Description of the task →
In the records below, find the line containing "Le bâtiment Old" and the line containing "Artborne cordless conditioning". Give again exactly those lines and every line between them, omitting the pictures.

Record set →

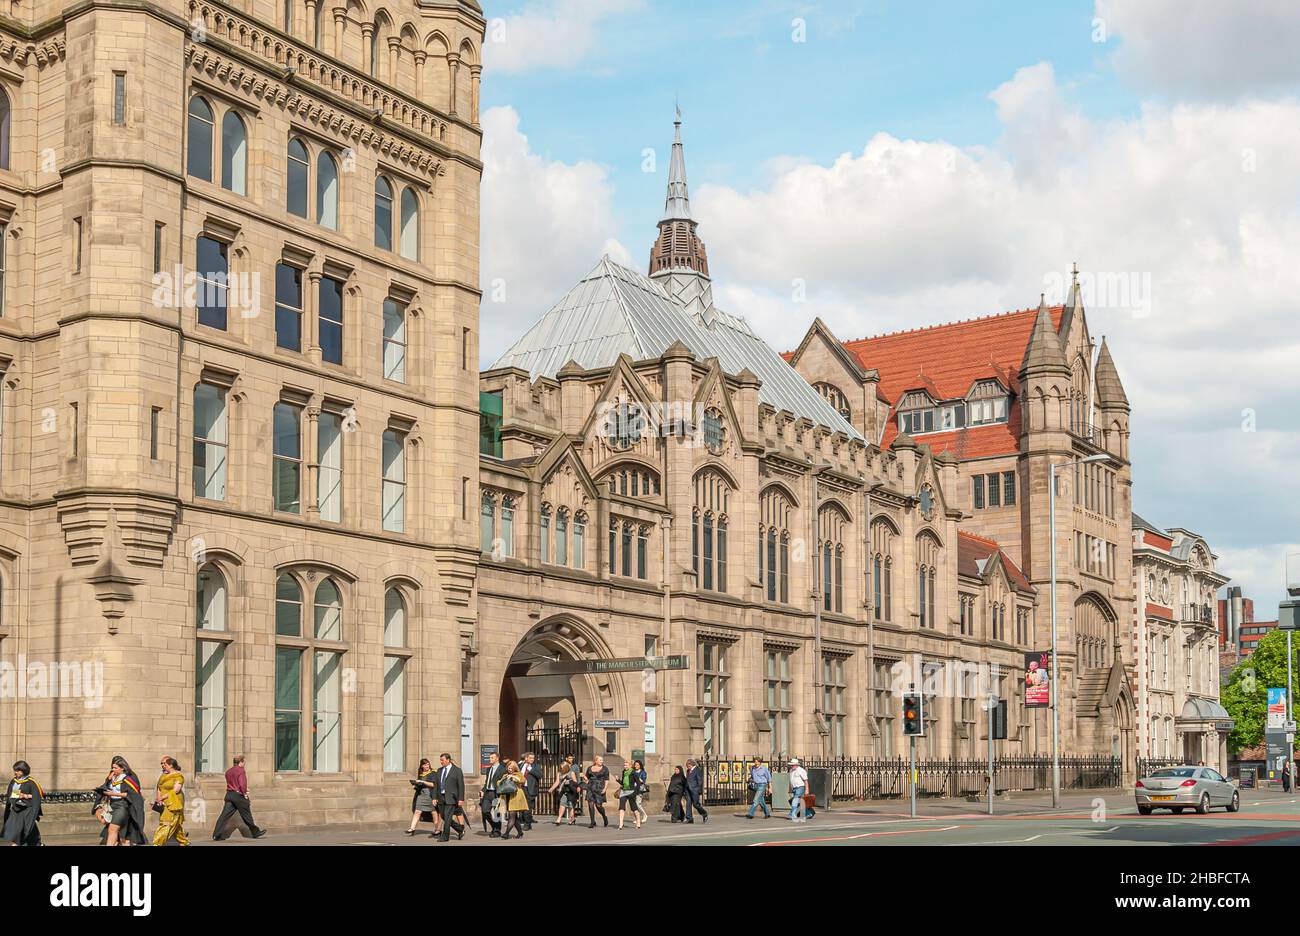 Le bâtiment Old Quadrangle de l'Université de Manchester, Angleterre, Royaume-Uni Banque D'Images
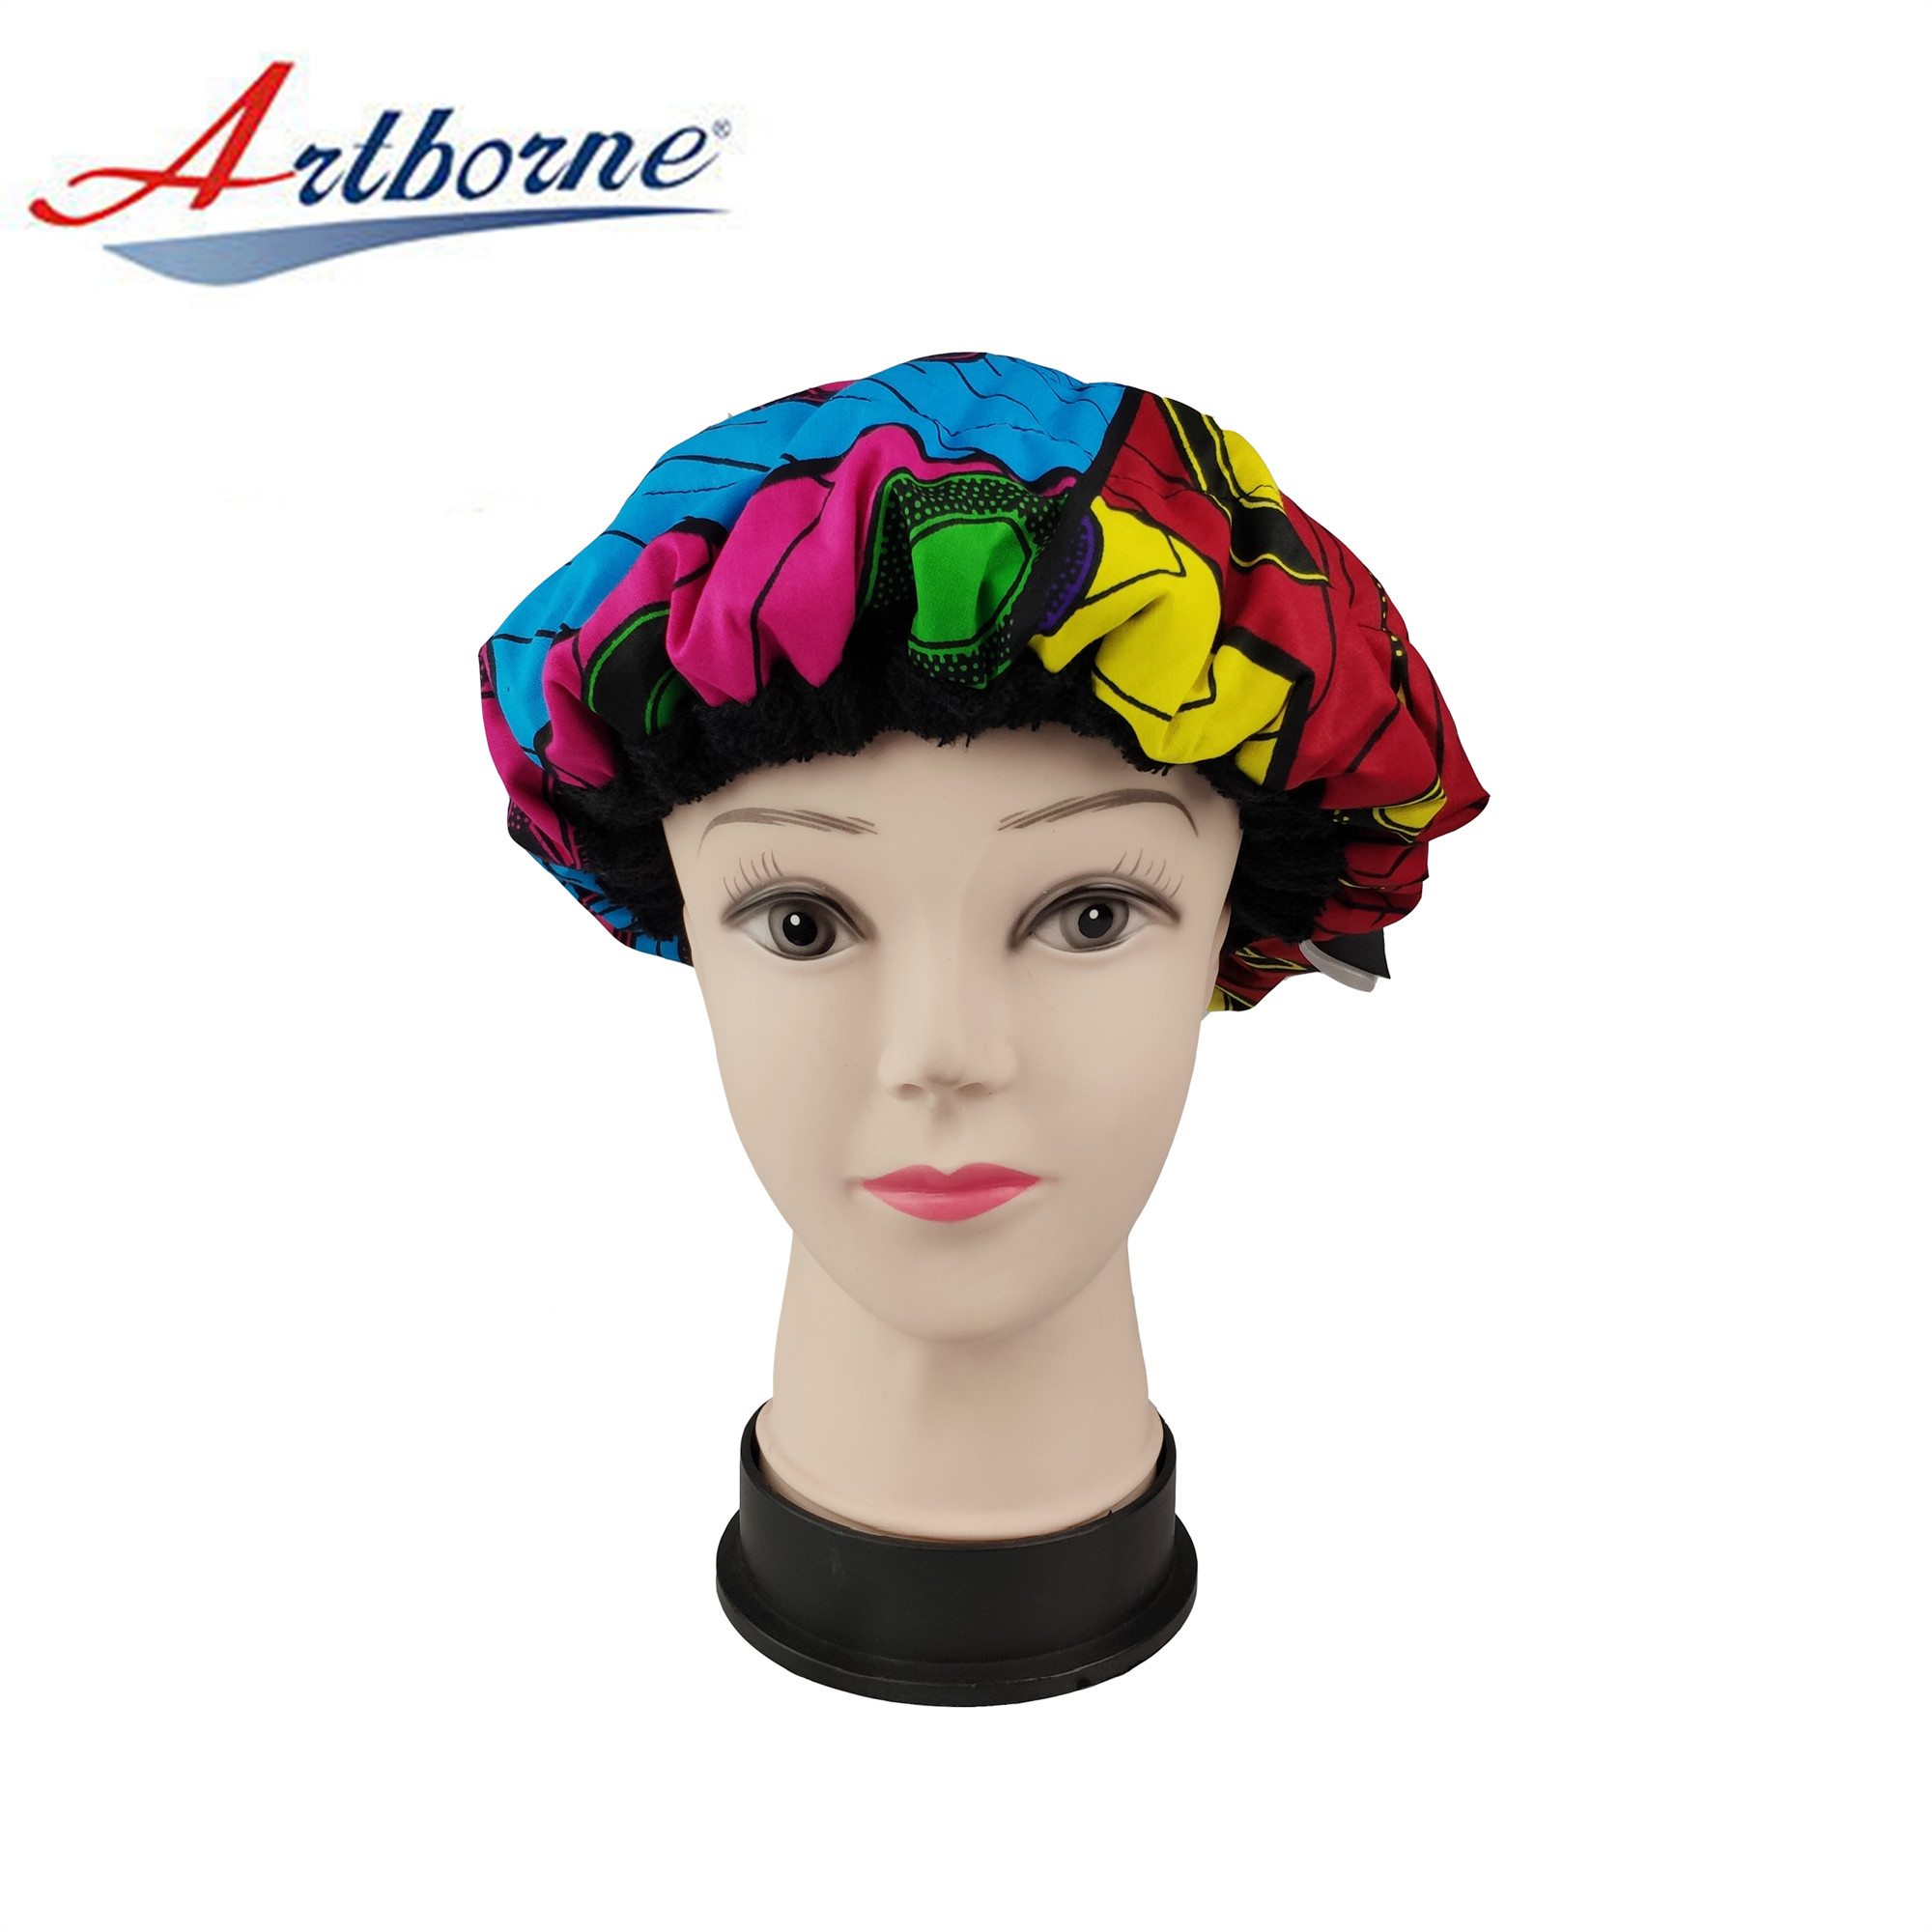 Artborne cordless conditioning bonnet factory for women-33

==

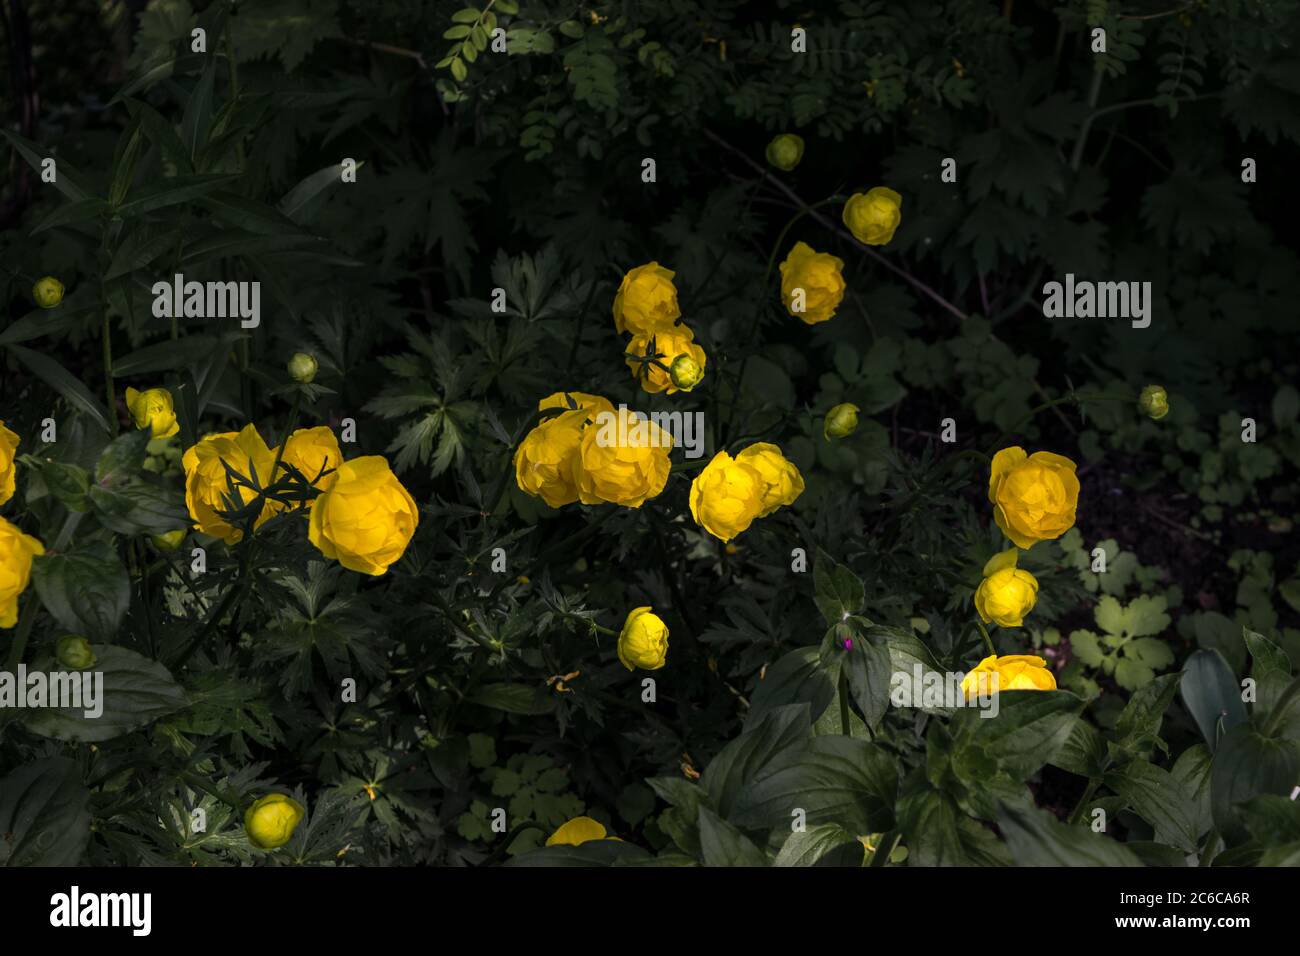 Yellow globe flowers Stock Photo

Task answer →
 Le bâtiment Old Quadrangle de l'Université de Manchester, Angleterre, Royaume-Uni Banque D'Images
 Artborne cordless conditioning bonnet factory for women-33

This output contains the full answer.